L’attaque contre Charlie Hebdo doit être traitée comme un 11 septembre encore plus grave, car le défi porté ne se borne pas à défier l’insolence de la puissance, mais bien à châtier le principe même de la liberté, qui est le véritable antonyme de la soumission à un dogme, et la véritable conquête de la modernité. 

         C’est au nom de cette pierre angulaire de la société humaine, explicitement frappée en tant que radical même du principe opposé à l’Islam, qu’il faut symétriquement attaquer non pas bien sûr les musulmans, qui sont nos frères comme tous autres, mais le principe de l’idée qu’ils se font du monde, parce qu’il est totalitaire et insupportable, avant même d’être criminel comme il l’est sur la

tête de tant de milliers de victimes un peu partout dans le monde. De la même manière, le Stalinisme devait être combattu non pas seulement à cause des crimes colossaux du communisme, mais en tant que principe totalitaire, et le nazisme de même.

         C’est un combat d’idées, de principes, de fond, qui ne vise ni le milliard de musulmans en tant que communauté humaine, ni a fortiori aucun d’entre eux en tant que personne (pas plus qu’on n’en voulait aux Russes en tant que nation ni en tant qu’individus d’être les dépositaires malheureux du Mal absolu que fut le communisme). Mais c’est un combat à soutenir, l’inverse même du sirupeux et

vain dialogue des religions dans lequel s’envasent ONU et UNESCO sans voir qu’en promouvant le dialogue, elles valident les religions, et donc ipso facto le principe même de la maladie qu’il s’agit de guérir. L’inverse absolu aussi du jamboree médiatico- « républicain » orchestré par la Gauche pour se replacer pathétiquement au centre d’un pays qui était en passe de l’éjecter pour longtemps.

         C’est aux musulmans à prouver qu’ils abjurent le totalitarisme inhérent à la Foi poussée trop loin, exactement comme il a appartenu aux Allemands d’abjurer le nazisme pour participer à la communauté des nations, ou aux Russes, aux Chinois, aux Cambodgiens, de renier le totalitarisme communiste pour entrer de plain pied dans la société mondiale.
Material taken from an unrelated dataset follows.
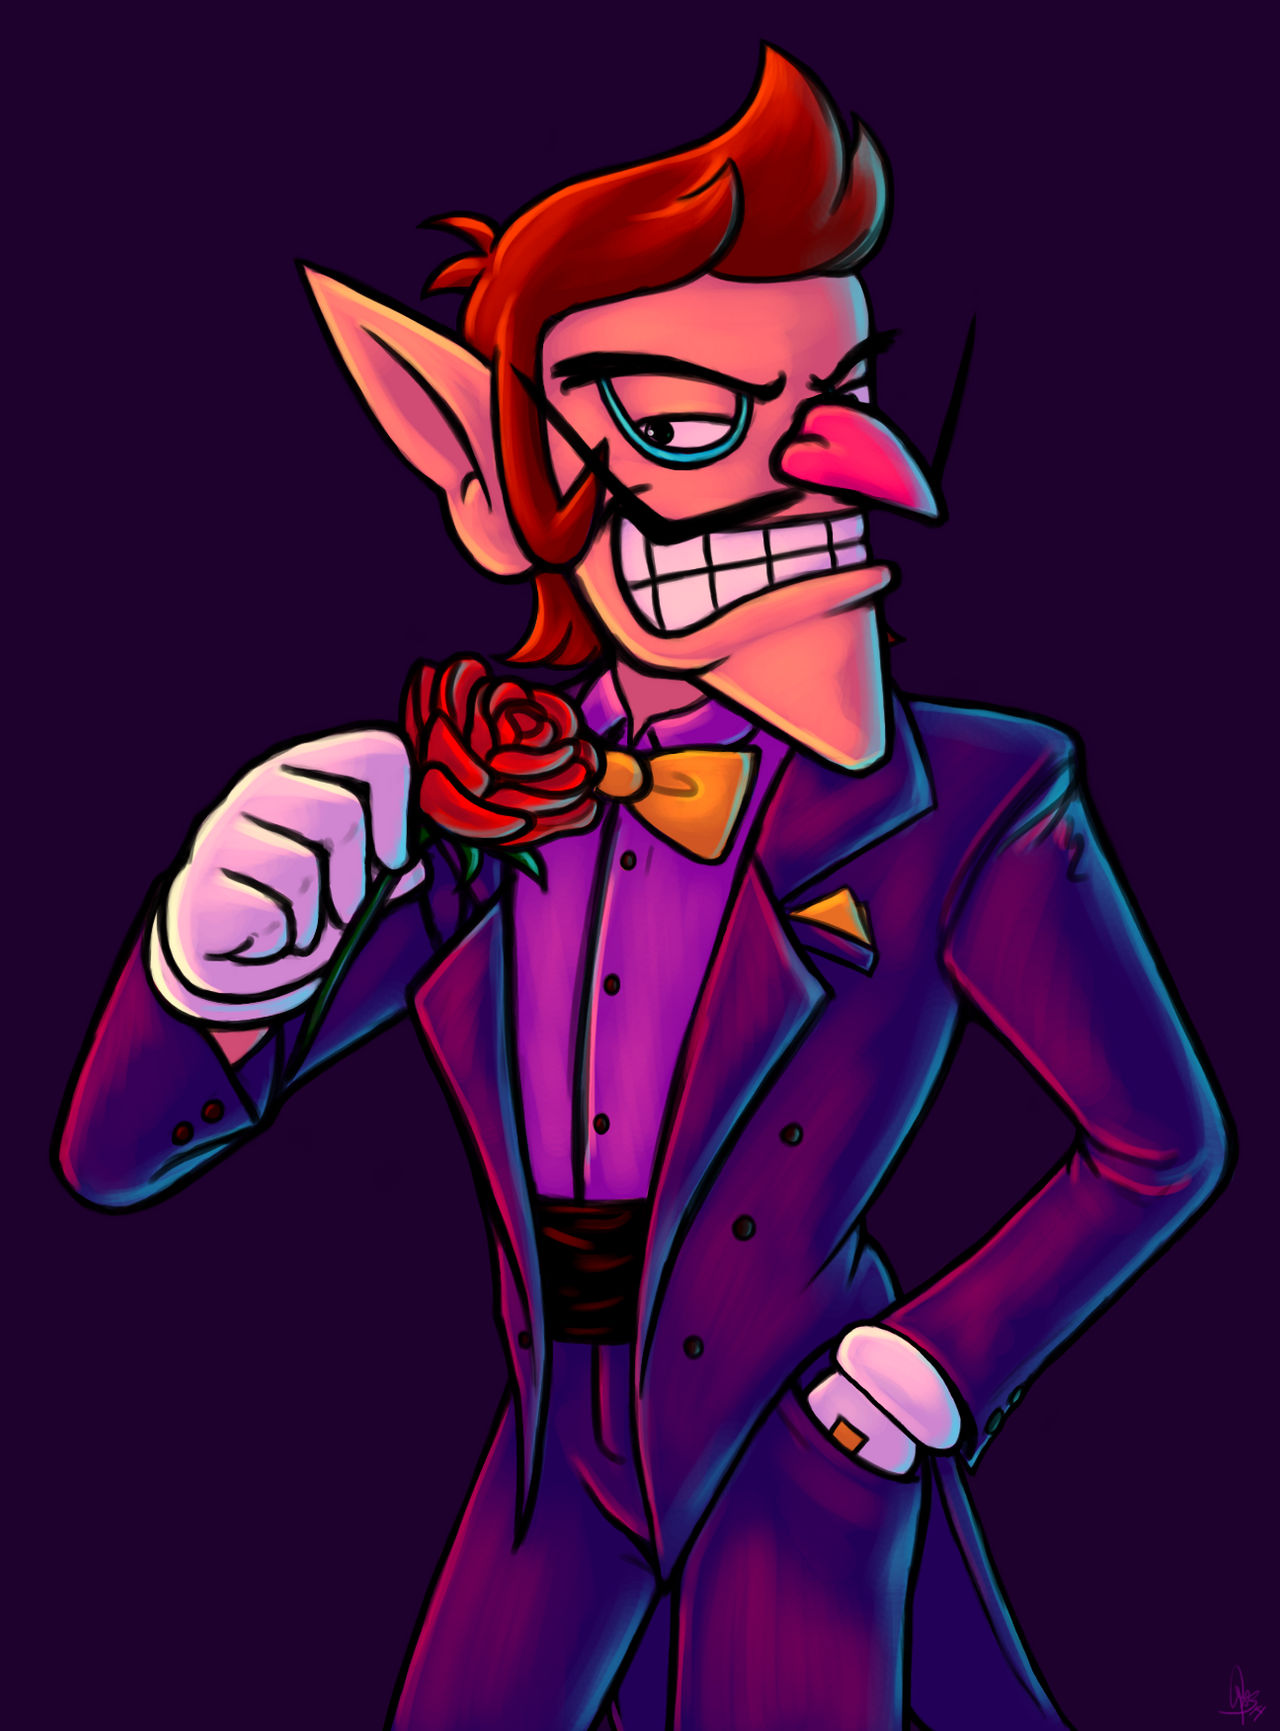 Snazzy Waluigi by Astral-Agonoficus on DeviantArt
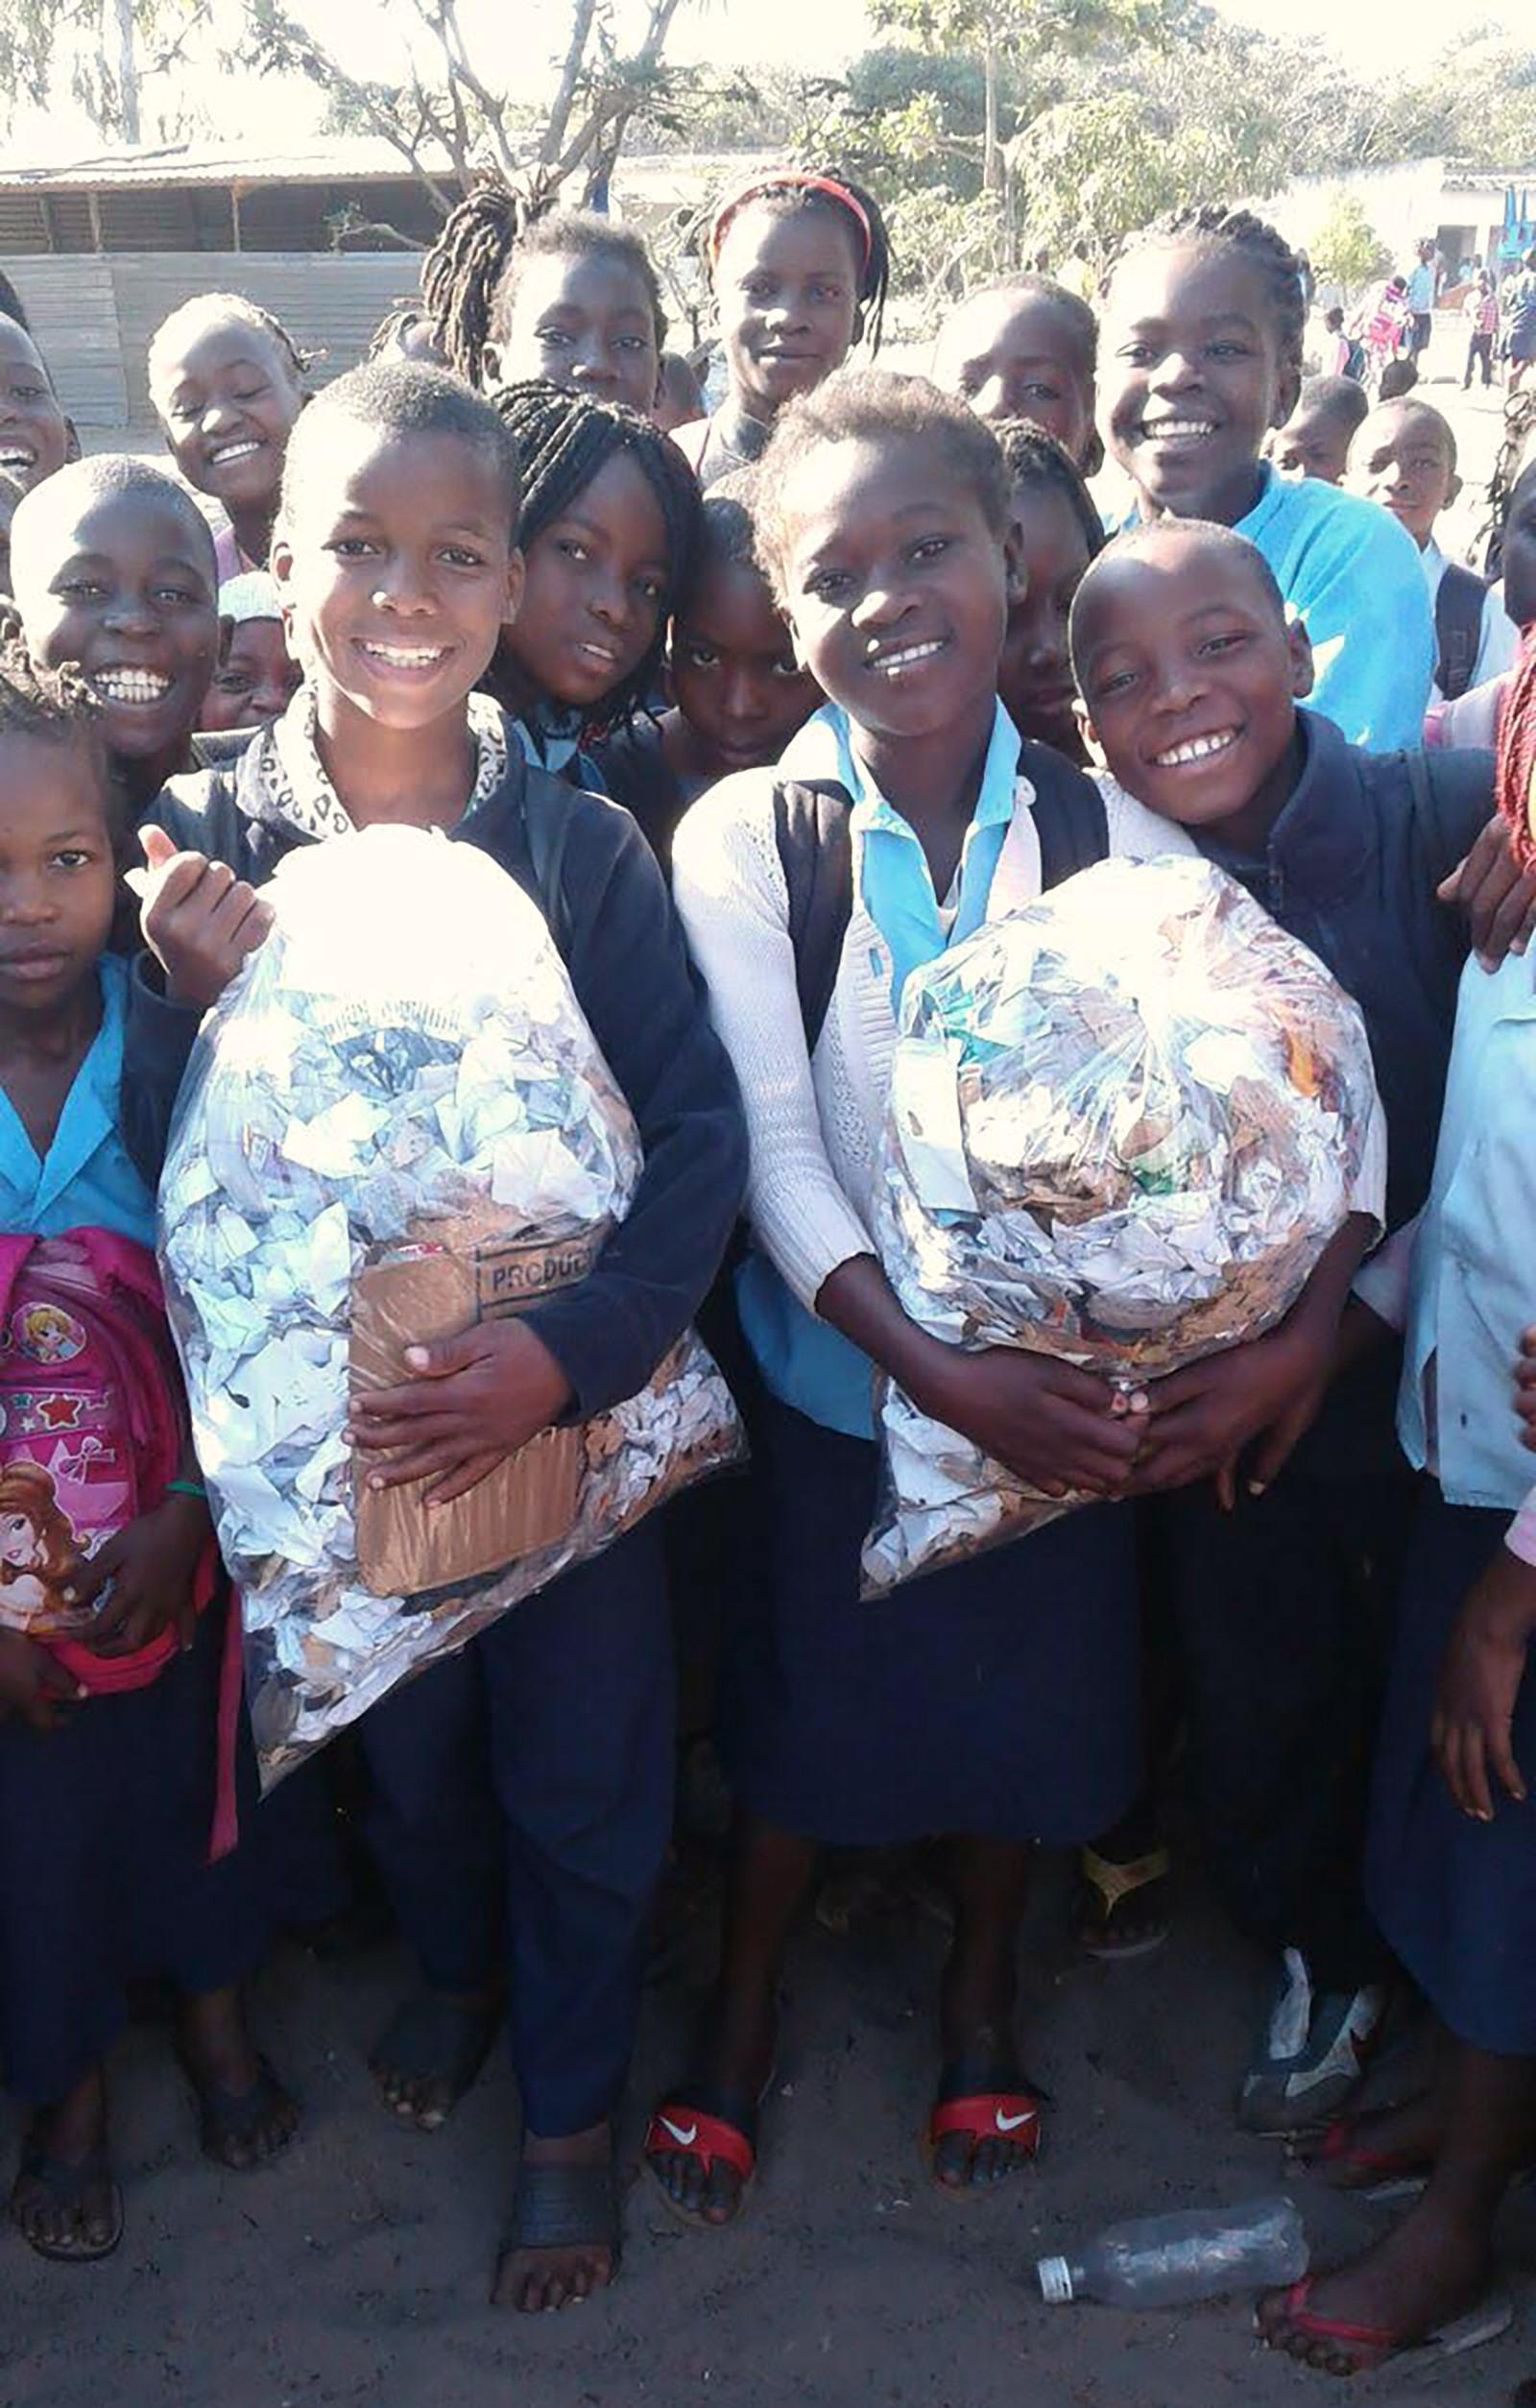 Children gathered, smiling into the camera, carrying plastic bags with litter.

         Il ne s’agit évidemment pas d’une guerre ouverte (3), mais d’une guerre froide intransigeante à faire aux doctrinaires des salafismes, wahabismes et autres intégrismes musulmans — et tant pis s’ils ont du pétrole. Les intérêts de l’humanité et de la dignité humaine méritent qu’on endure un peu de gêne pour les faire prévaloir enfin de manière définitive.

 

Philippe RATTE



1 )A t’on jamais vu le moindre membre de la communauté chinoise ou indochinoise à Paris s’en prendre à qui que ce soit au nom d’une religion ? Les orthodoxes menacent-t’ils quelque catholique que ce soit ? Qui pratique l’enlèvement de jeunes filles au Nigeria et le massacre de chrétiens un peu partout ? 

Certainement pas les animistes ni les bouddhistes...

 

2 )On sait que la foi chrétienne occasionna en son temps des massacres et tortures restés légendaires, que des Hindouistes rendent des points aux plus fanatiques des musulmans, que certains Loubavitch ne sont pas des enfants de chœur, et qu’en Tchétchénie il ne faisait pas bon être musulman. L’Islam n’ donc pas, dans l’histoire, le monopole de la barbarie, mais en ce moment, c’est lui qui en entretient la flamme de la manière la plus active, par le simple fait de son expansion en tant que religion conquérante. Les religions en recul sont davantage portées à composer avec le reste du monde.

 

3 ! Même si à la guerre déclarée et déclenchée avec des moyens militaires par Daesh, AQMI, AQPA ou Boko Haram il est parfaitement justifié de répliquer avec des moyens militaires écrasants, drones compris, pour assurer l’attrition impitoyable de ces ennemis du genre humain, comme en 1945 on alla jusqu’à Berlin tant qu’Hitler fut vivant et le IIIè Reich encore debout, ou jusqu’à lancer une deuxième bombe sur Nagasaki faute qu’Hiroshima eût fait entendre raison assez promptement aux militaires nippons.